Will their video get a home for street kids?

HYDERABAD: Achild carrying a sack on his shoulder runs and boards a train. Another wades through dirt and muck, shoulders bent with the weight of the heavy sack he is carrying. Four children make a bed over two sacks, one’s head in another stomach, they sleep peacefully.

“There are 11 million children living on the streets in India,” says the voiceover.

Created by two class X students, ‘Ashritha’ is three-minute-30-second  video of subtle yet strong frames of pain, suffering, osticization and abuse of children who lived on streets. Now they are living in a home called Ashritha Homes.

Made by best friends Manvi Teki and Sagrika Omkar of Pallavi Model Schools, Alwal, it was recently shortlisted for Harvard Impact Initiative of the Harvard Mock United Nations held in the city.

Though the street children have a home now, funds are drying up and in a month the boy’s facility, that houses 60 of them, could shut down if no help is offered.

“We were already participating in the HMUN and then we decided to take part in this initiate too. After brainstorming, we decided to bring forth the plight of Ashritha, run by Nagaraj,” says Manvi.

The duo won an award for their video and it has created quite a buzz online too. Within a couple of days of uploading the video, it got 3,800 views.

“No one talks about street children -- the reasons due to which they leave home, how they get addicted and exploited and their life on the streets, devoid of emotions and affection,” says Sagrika.  

The video that begins on a dark note, giving insights into the lives of the runaway children, soon becomes full of colours and life as they talk about food,their home, school and Nagaraj.

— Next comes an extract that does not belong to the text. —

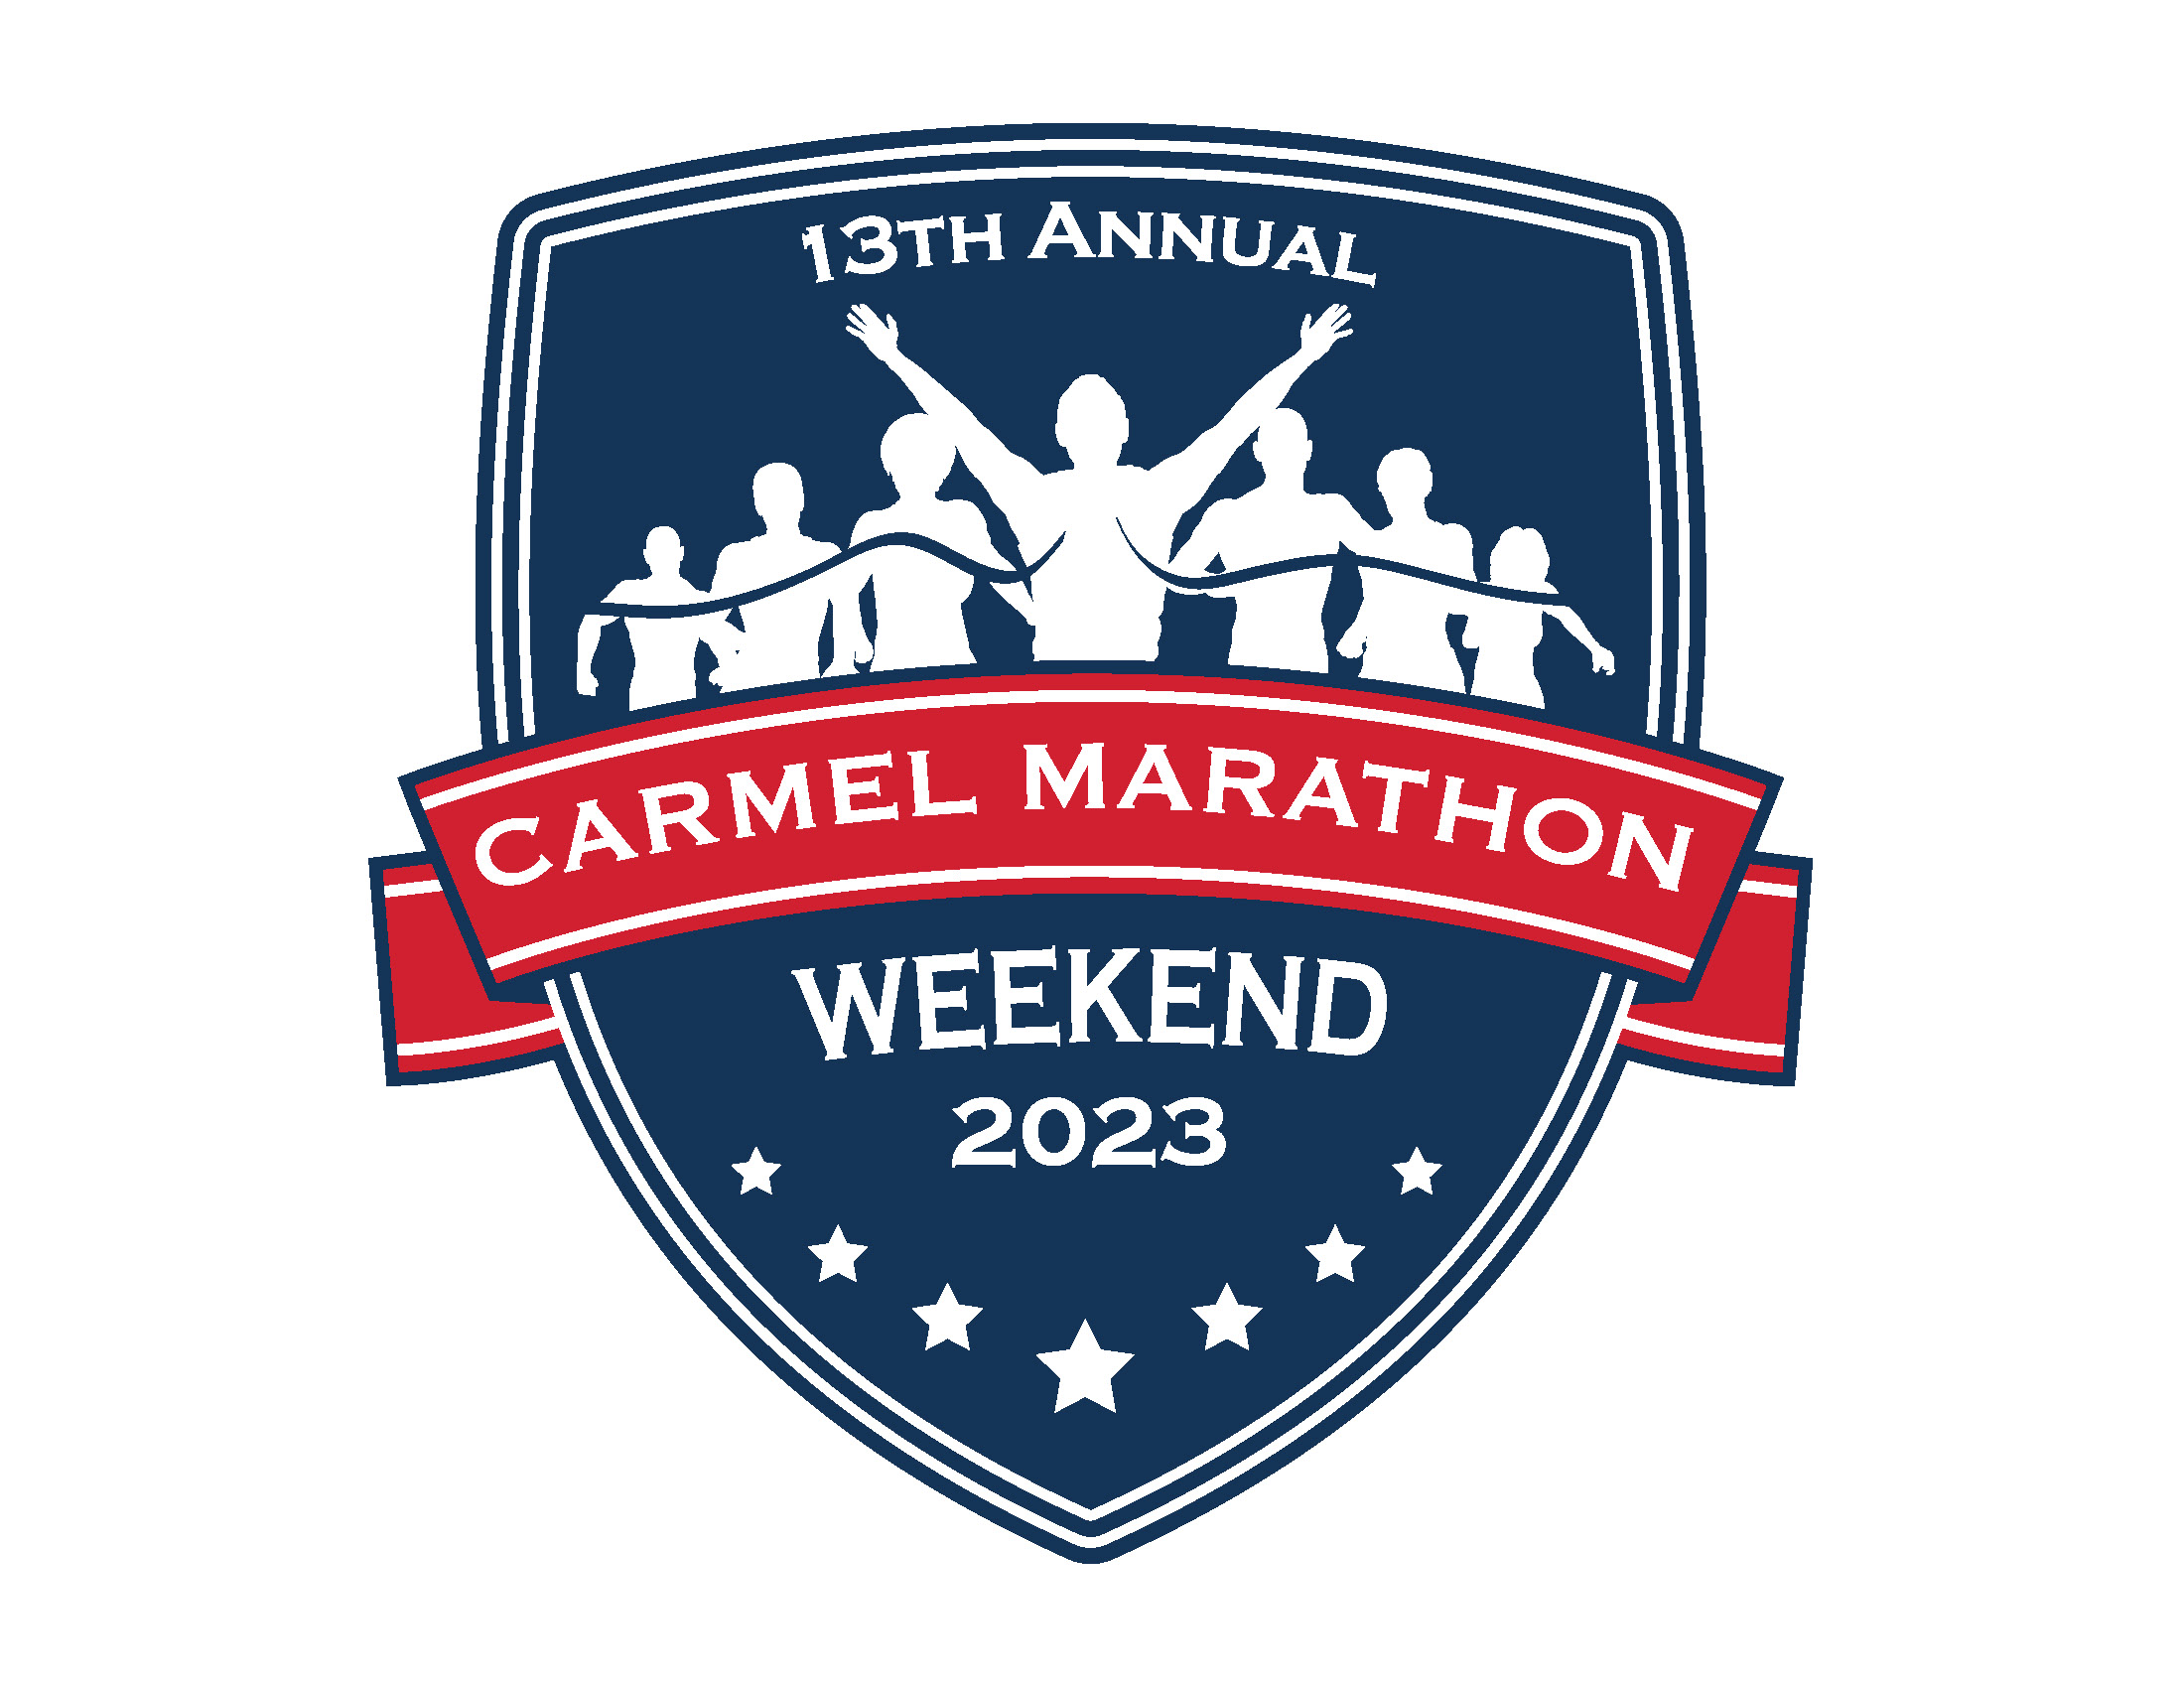 Carmel Marathon Weekend logo on RaceRaves

To bring out an authentic insight into the lives of the children, Manvi and Sagrika spent a day with the children at Ashritha.

“It was the most satisfying and insightful day of our lives. Though making them to talk was a challenge, their pain moved us,” says Manvi.  

Sagrika adds, “While talking about their lives before living in Ashritha, a lot of them had tears in their eyes.” And how did the girls react?

“We couldn’t get them out of our heads for several days after our visit,” says Manvi.

The girls say they were embarassed for cribbbing and fussing over their problems, which seemed so insignificant before the existential ones that were being faced by the children of the home.

Having made their maiden video in less than a week and getting an award for the same has not made the chums happy.

“Getting an award was not on our goal. HMUN was a different experience  -- where we just spoke about pressing issues. But just speaking isn’t enough. We have to do something too. This video is our attempt to save the home of 60 homeless boys,” explains Sagrika.

Manisha Aggarwal, Manvi’s mother and managing director of Communication Resource Centre, says sensitising children from a young age is important.

“Our help for the video was only to set the equipment for them. Rest everything was done by them and if you see the video has many technical loopholes,” she says.

So what next? “I want to become an activist and work for the society,” pats come Sagrika’s reply.

For Manvi each day bring a new aspiration -- “a neurologist or a scientist with NASA, a lawyer perhaps!” are just some of the prospective aims.

The tenth graders may not have zeroed on the career they want to pursue, they certainly have set sights on making a mark on someone’s life, however small it may be. All the best to the girls and the street kids too!